Blockchain News

SHIB could be headed for a bearish retracement and evidence suggests…

In the fast-paced world of cryptocurrency, Shiba Inu (SHIB) has recently captured the attention of investors with its remarkable bullish performance. However, as its social prominence rises, so does the likelihood of a market retracement. This article delves into the evolving fate of this digital asset as it heads into the weekend. In the last 24 hours, SHIB has surged to a new three-month high, peaking at $0.0000106 just before the time of writing. This achievement outshines its prior high set on August 5th. While SHIB’s Relative Strength Index (RSI) previously reached overbought levels on the same day, the current RSI stands notably lower, possibly indicating a shift in momentum.

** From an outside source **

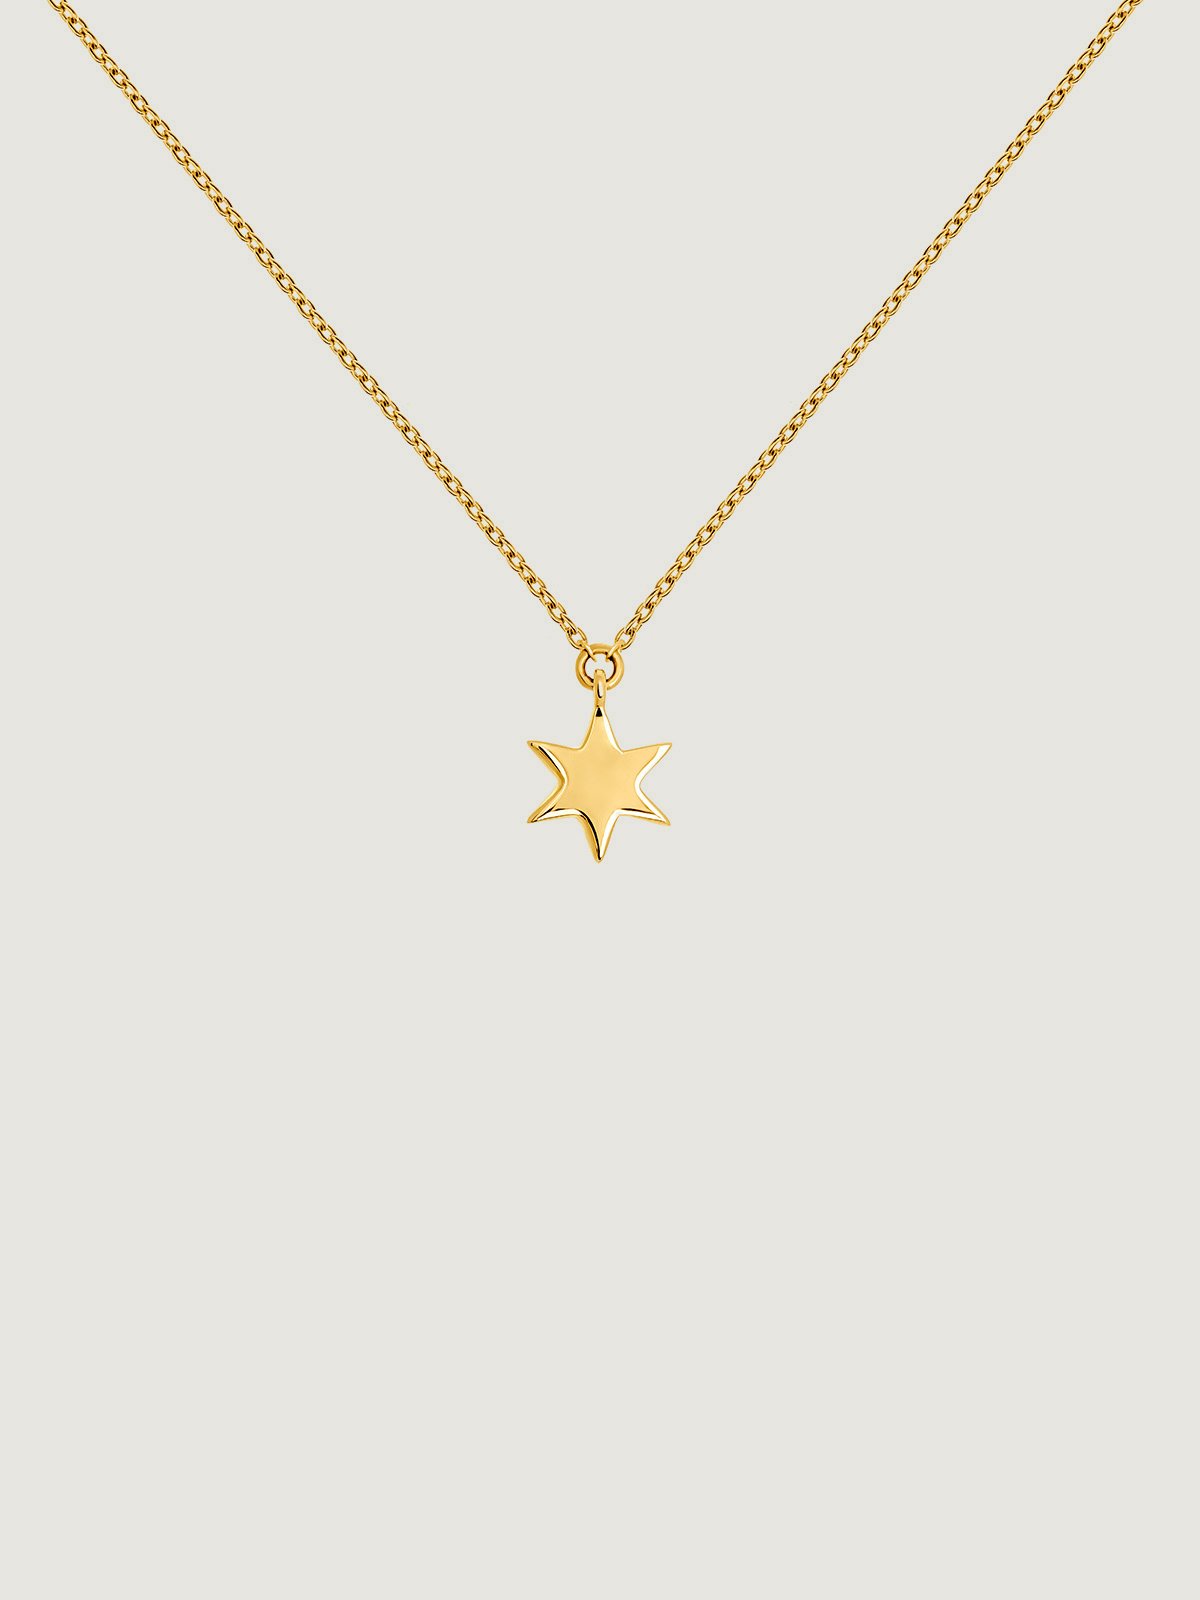 9K Yellow Gold Pendant with Star
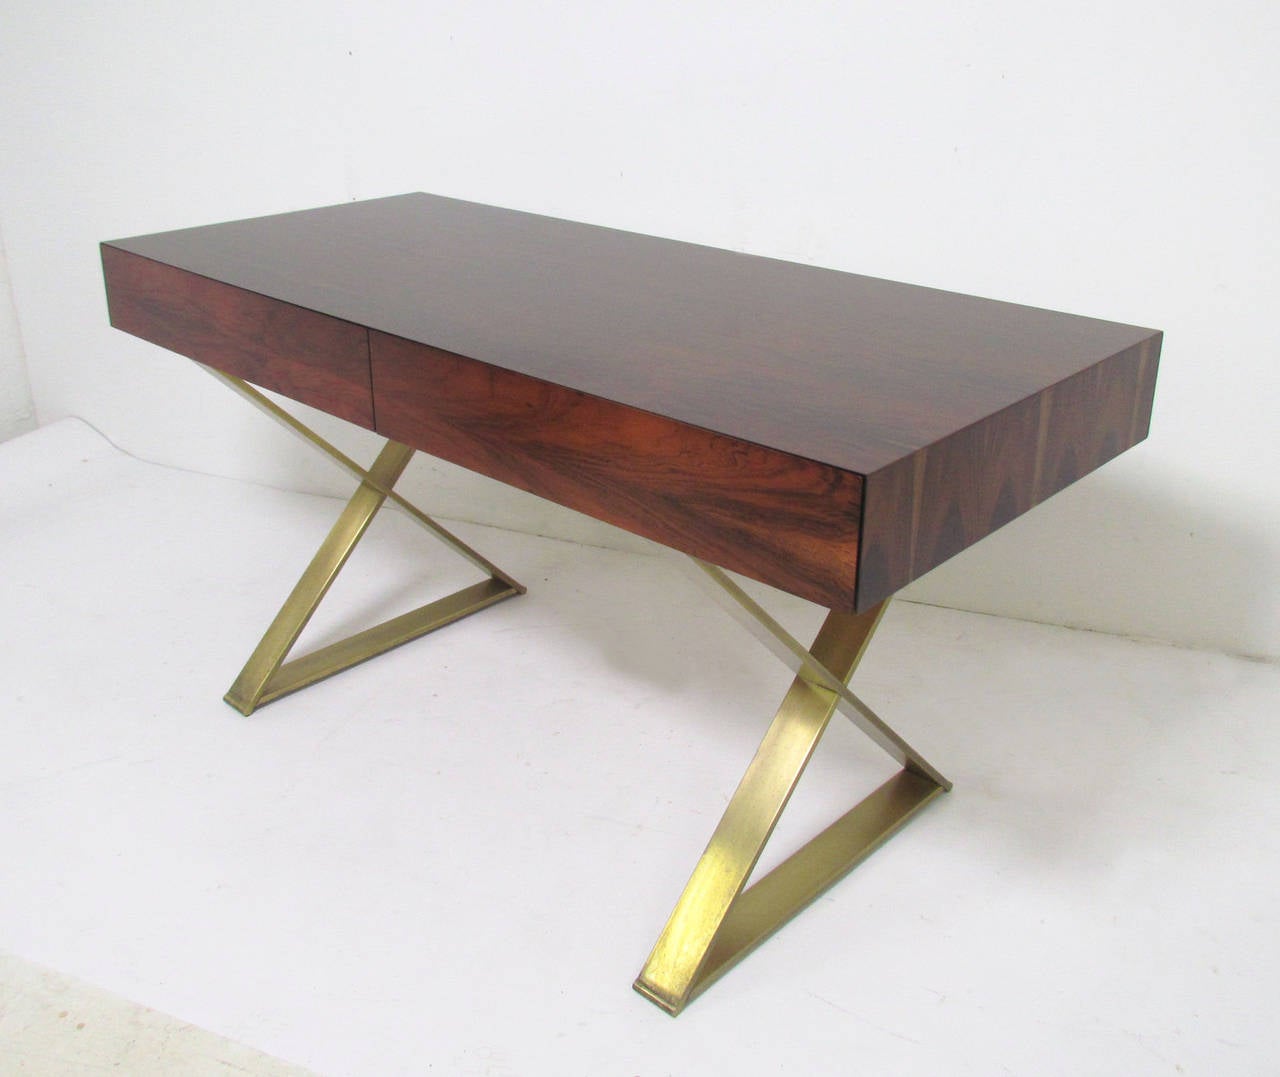 A very fine campaign desk by Milo Baughman in rarely-seen rosewood, X-base legs with bronze finish.  Unlike other models, this design features drawers that are flush mounted to the desk top, with no visible handles.  Drawers open by finger pulls

RSI Divergence and Emerging Bearish Signals:

The evolving relationship between SHIB’s price and its RSI suggests a noteworthy price-RSI divergence, which could imply that the strong bullish momentum is beginning to wane. This observation coincides with the RSI once again approaching overbought territory, while the price has successfully crossed above its 200-day moving average. On the social media front, a prominent analyst known as @ali_charts has identified a TD sequential pattern forming on SHIB’s price chart. This pattern is typically indicative of trend exhaustion and potential reversals. The convergence of the TD sequential pattern and the price-RSI divergence underscores the possibility of SHIB entering a bearish pivot

Analyzing On-Chain Data:

To substantiate these observations, an exploration of Shiba Inu’s on-chain metrics is essential. A significant aspect to consider is whale activity, which can shed light on potential market movements. A bearish retracement often manifests through increased sell pressure from large holders. SHIB’s supply distribution analysis indicates heightened selling pressure from addresses possessing between 1 million and 100 million coins, depicted in red and orange. Notably, outflows from these addresses have been recorded over the past four days. Although this suggests that certain whales are capitalizing on profits, it’s important to note that these addresses account for less than 4% of SHIB’s overall circulating supply.

Dominance of Major Holders and Rising Activity:

It’s noteworthy that addresses holding over 1 billion SHIB coins collectively possess a staggering 96.53% of the token’s total supply. Interestingly, these addresses have maintained a stable position, showing no signs of outflows as of yet. On a different note, SHIB’s transaction count has experienced a consistent upswing over the past four days. Additionally, there has been a modest increase in trading volume within the same timeframe. Such heightened activity could potentially be a manifestation of selling pressure, particularly as multiple indicators suggest a weakening bullish stance. This combination of factors suggests a scenario in which SHIB could be poised for its next bearish retracement.

As Shiba Inu’s market dynamics shift, its recent bullish rally faces growing challenges. With a notable price-RSI divergence, the emergence of a TD sequential pattern, and increased selling pressure from a subset of whale addresses, the potential for a bearish pivot gains prominence. While SHIB’s dominant addresses remain stable, heightened transaction counts and trading volume imply a potential shift towards bearish sentiment. As the weekend unfolds, investors and enthusiasts are advised to closely monitor these indicators to gauge the trajectory of SHIB’s market performance.


Crypto products and NFTs are unregulated and can be highly risky. There may be no regulatory recourse for any loss from such transactions. Crypto is not a legal tender and is subject to market risks. Readers are advised to seek expert advice and read offer document(s) along with related important literature on the subject carefully before making any kind of investment whatsoever. Crypto market predictions are speculative and any investment made shall be at the sole cost and risk of the readers.